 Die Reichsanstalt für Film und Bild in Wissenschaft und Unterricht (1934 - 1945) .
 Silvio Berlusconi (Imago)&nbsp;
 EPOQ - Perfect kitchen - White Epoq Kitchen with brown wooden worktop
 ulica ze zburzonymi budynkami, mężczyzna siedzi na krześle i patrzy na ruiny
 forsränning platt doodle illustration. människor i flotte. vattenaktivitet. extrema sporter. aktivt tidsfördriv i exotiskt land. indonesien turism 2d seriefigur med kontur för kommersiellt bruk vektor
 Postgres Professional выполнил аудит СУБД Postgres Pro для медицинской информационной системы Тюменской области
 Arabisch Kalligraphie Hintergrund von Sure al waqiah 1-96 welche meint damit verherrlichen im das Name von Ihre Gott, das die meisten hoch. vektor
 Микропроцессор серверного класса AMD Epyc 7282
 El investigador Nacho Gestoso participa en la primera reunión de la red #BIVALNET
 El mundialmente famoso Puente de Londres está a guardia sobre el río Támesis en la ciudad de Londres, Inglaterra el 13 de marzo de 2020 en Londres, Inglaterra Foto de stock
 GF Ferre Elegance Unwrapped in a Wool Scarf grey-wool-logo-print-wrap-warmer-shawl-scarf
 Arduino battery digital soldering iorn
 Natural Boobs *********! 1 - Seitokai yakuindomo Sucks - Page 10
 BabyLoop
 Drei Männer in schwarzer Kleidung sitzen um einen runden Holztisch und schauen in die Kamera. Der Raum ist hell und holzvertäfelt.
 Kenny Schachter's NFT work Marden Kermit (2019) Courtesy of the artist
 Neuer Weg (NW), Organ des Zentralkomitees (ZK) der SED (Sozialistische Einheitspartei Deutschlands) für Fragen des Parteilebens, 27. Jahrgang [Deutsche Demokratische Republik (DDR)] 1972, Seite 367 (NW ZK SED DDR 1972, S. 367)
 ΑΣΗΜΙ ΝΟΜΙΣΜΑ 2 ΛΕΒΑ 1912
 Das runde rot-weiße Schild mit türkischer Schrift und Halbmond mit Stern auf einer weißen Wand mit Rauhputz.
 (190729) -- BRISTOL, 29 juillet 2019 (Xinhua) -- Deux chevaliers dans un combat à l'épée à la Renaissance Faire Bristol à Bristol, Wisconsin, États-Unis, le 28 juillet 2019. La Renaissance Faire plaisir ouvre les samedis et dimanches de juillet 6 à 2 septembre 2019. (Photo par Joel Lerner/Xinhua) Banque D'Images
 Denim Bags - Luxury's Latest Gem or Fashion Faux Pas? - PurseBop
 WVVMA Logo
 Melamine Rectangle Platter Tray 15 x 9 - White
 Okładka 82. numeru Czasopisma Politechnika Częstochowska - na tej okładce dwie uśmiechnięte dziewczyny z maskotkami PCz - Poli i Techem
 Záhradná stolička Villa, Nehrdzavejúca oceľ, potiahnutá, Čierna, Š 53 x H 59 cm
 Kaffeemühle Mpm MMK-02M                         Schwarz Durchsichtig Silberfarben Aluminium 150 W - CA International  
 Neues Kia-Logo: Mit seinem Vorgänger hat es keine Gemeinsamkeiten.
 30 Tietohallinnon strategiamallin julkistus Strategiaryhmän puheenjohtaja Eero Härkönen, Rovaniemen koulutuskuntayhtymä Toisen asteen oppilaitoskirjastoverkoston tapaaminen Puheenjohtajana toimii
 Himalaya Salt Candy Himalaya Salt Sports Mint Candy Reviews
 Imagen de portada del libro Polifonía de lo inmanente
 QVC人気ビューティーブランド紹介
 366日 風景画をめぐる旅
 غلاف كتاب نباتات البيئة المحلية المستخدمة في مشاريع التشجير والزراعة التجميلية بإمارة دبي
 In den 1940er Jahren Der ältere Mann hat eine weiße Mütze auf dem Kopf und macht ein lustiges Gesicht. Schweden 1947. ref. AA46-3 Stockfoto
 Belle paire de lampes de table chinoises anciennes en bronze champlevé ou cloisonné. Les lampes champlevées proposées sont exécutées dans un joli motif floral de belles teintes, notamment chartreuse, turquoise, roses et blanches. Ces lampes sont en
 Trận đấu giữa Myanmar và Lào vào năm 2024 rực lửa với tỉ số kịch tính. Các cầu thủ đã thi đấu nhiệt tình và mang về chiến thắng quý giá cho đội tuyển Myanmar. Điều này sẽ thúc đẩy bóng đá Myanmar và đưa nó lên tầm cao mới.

──────

What the task asks - Which lines in the material contain the word "White"? Pull each of them out.

Answer space -
 EPOQ - Perfect kitchen - White Epoq Kitchen with brown wooden worktop
 Melamine Rectangle Platter Tray 15 x 9 - White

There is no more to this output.